Три дня, как Клодий прибыл домой, а событий произошло столько, что голова шла кругом.

Несмотря на знатность рода, Клодий с матерью жили совсем скромно. Хотя дом их не стоял на правом берегу Тибра,[3] только пять рабов было в хозяйстве Бебии, матери Кподия. По соседству же стоял роскошный дом Поппеи Сабины. Рядом с этим дворцом, овеянным славой консульства и триумфа, дом Клодия, чей отец умер в незапамятные времена, выглядел плебейской хижиной.

В детстве Клодий постоянно бегал в гости к богатым соседям, и Поппея, дружившая с Бебией, доброжелательно относилась к мальчику.

У Поппеи была дочь, тоже Поппея, родившаяся в тот же год, что и Клодий, и дети много времени проводили вместе.
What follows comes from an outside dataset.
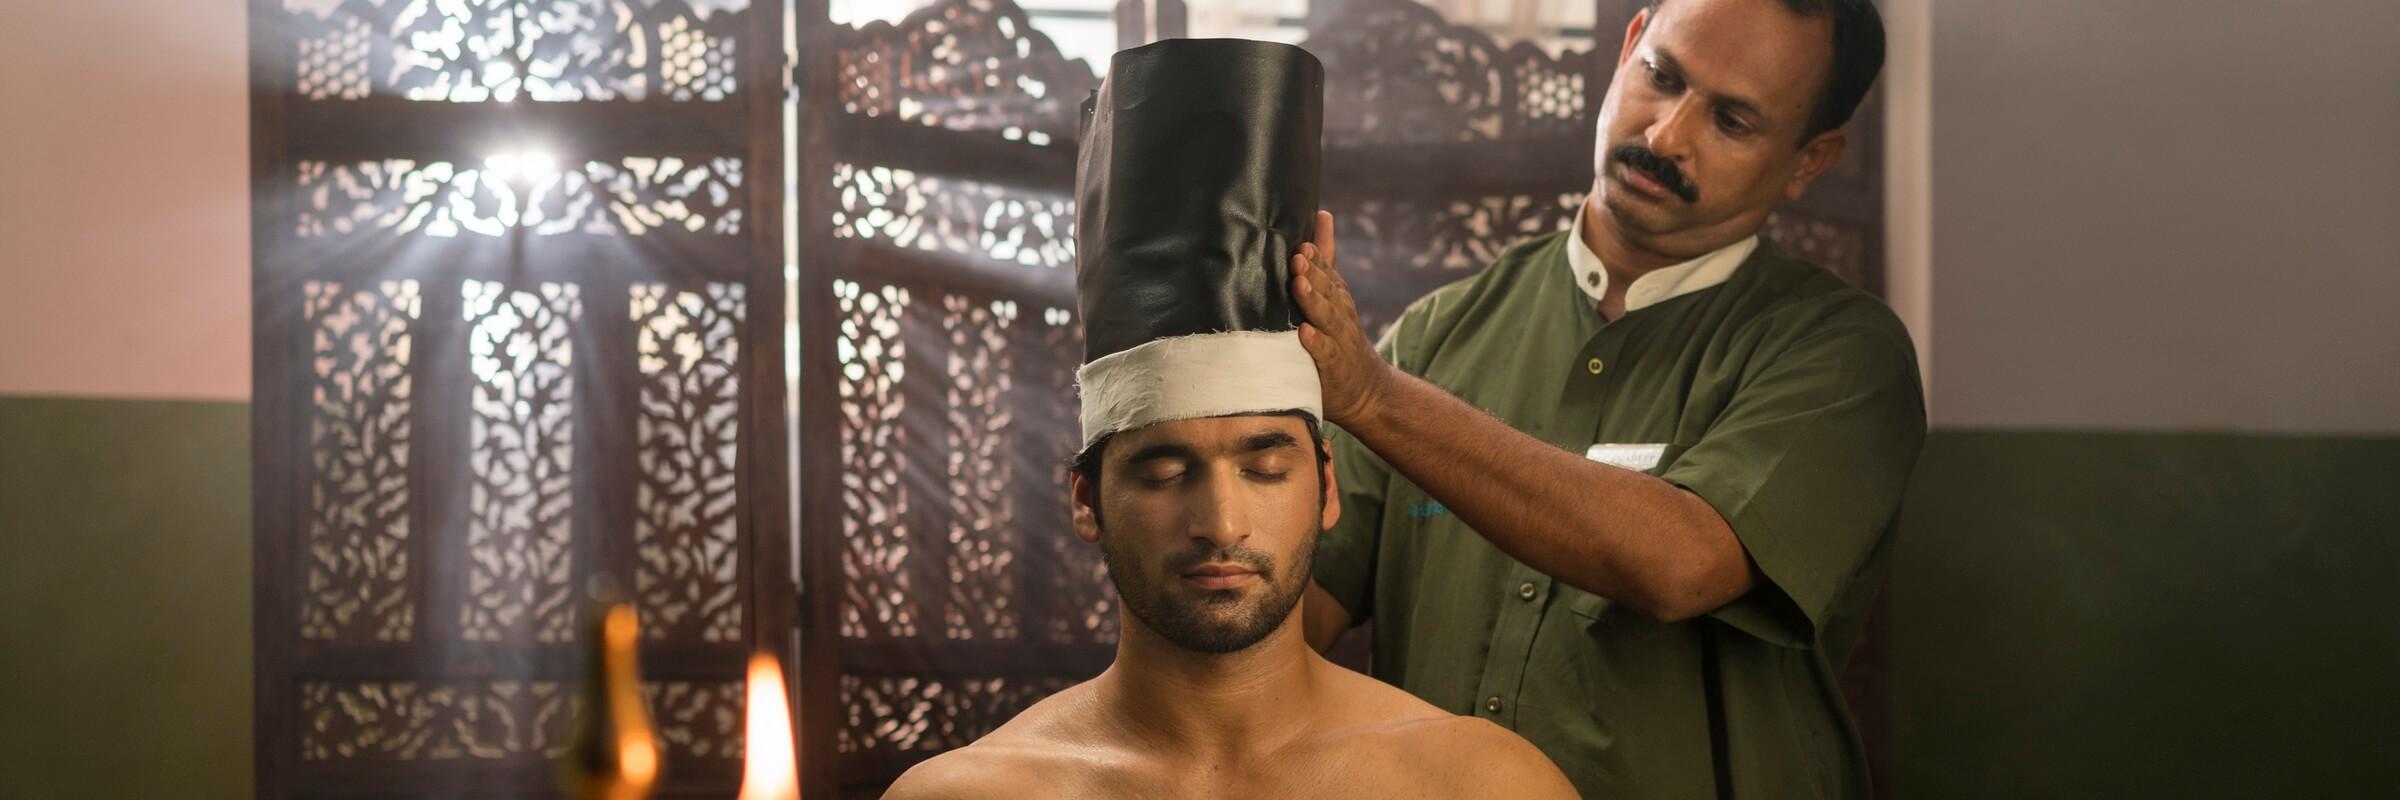 Die vielfältigen Anwendungen im Ananda Lakshmi Ayurveda Retreat werden von einem erfahrenen Ayurveda-Arzt speziell auf den jeweiligen Körpertyp abgestimmt.
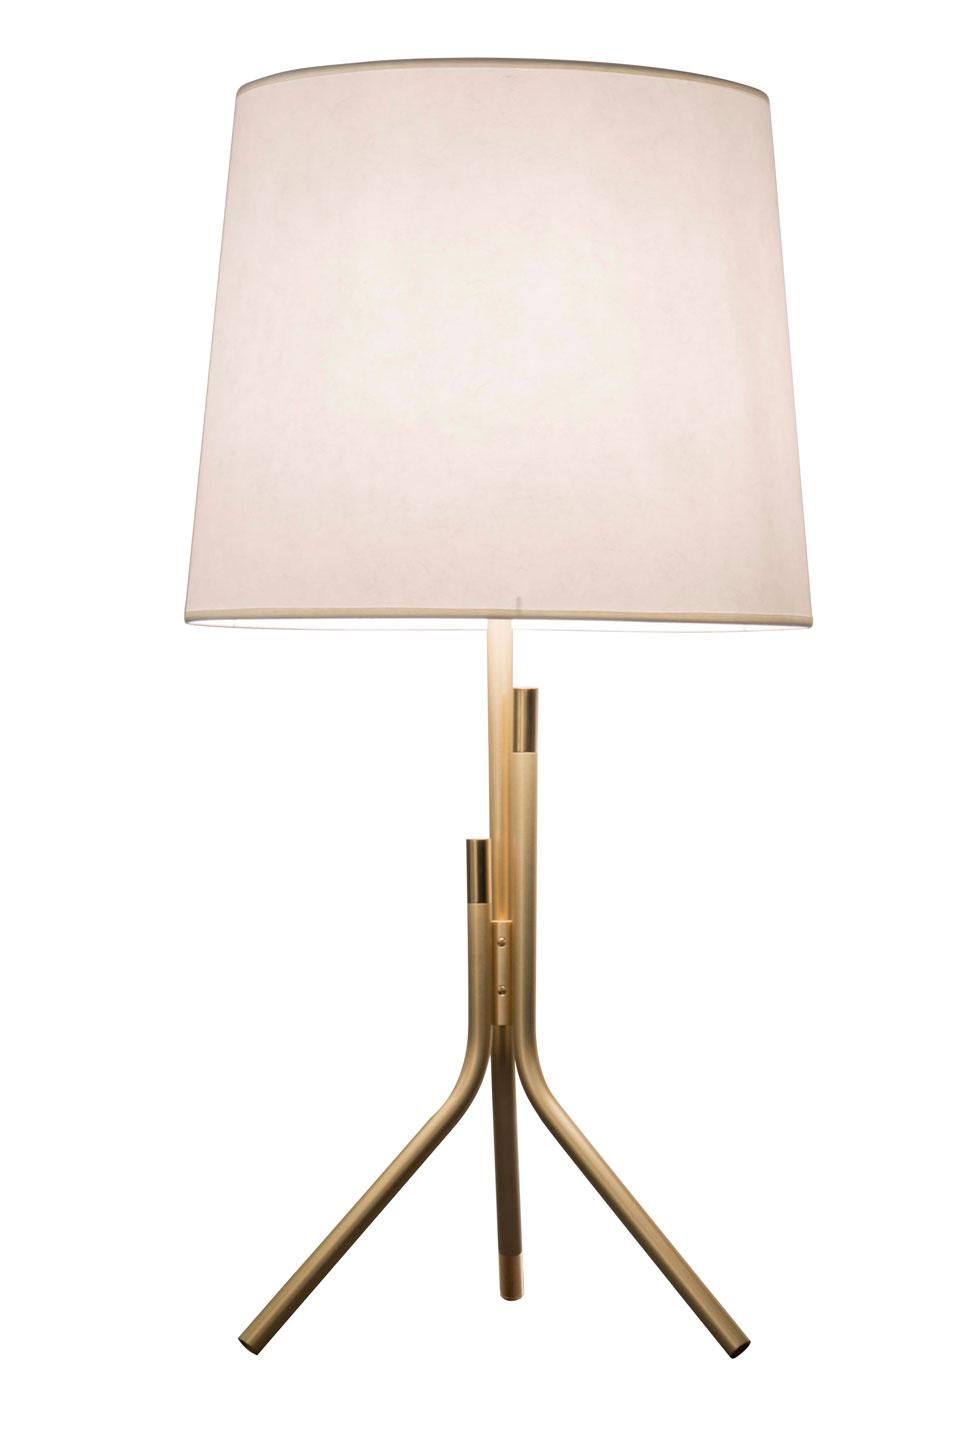 Ellis lampe de table design, dorée mat et brillant grand abat-jour blanc. .

Часто бегали они вдвоем из одного дома в другой.

Но дети подрастали, и со временем, купающаяся в роскоши Поппея младшая стала понимать, что не имевший за душой ничего, кроме родового имени Клодий, совсем не подходит к ее изысканному обществу, поэтому девица, не обладавшая чувством такта, объявила однажды своему приятелю, что больше не хочет видеть в своем доме оборванца. Это случилось, когда девочка справляла свое совершеннолетие, и Клодий пришел поздравить ее с праздником. Мальчик сильно обиделся на свою подружку и почти год не появлялся в их доме. Мать девочки, знаменитая на весь Рим красавица, и то возмущалась бессердечным поступком дочери.

Как следует, отругав ее, Поппея Сабина старшая заставила гордую юную римлянку помириться с Клодием.

Подросток же просто воспылал нежностью к Поппее и не мог и дня прожить, не повидавшись с ней. Однако та относилась к своему воздыхателю с подчеркнутой холодностью и с нескрываемым презрением. Она не считала для себя зазорным высмеять его и унизить каким-либо другим способом в кругу друзей и подруг из состоятельных и совсем не всегда знатных семей. Шли годы. Поппея Сабина младшая к девятнадцати годам стала просто красавицей, в чем-то превосходящей даже свою матушку. И чем красивей она становилась, тем более становилась надменной. Клодия она просто перестала замечать, И хоть юноша был вполне знатен и не дурен собой, он не получал никакой взаимности от той, в которую был без памяти влюблен. Когда он попытался сказать о своем чувстве Поппее, то в ответ получил лишь издевательский смех и очередное оскорбление. Когда же бедняга заикнулся о том, что готов даже жениться на той, которую любит, то Поппея сказала ему, чтобы он даже и не мечтал об этом.

— Посмотри на меня, — сказала она, — и посмотри на себя. Что нужно мне? Мне нужны богатства и власть. Можешь ли ты мне предоставить хотя бы одно из двух?

Клодий молчал. Что он мог сказать?

— А те чувства, которые ты мне предлагаешь, это все ерунда для глупых детей, — продолжала Поппея. — Посуди сам, как я, красивейшая невеста империи, могу выйти за тебя замуж? Клодий, ведь у тебя нет денег даже на скромную свадьбу. А я хочу выйти замуж, словно за императора. Чтобы это видел весь Рим. К тому же, я пока не желаю терять свою свободу. Так что можешь убираться отсюда, жених.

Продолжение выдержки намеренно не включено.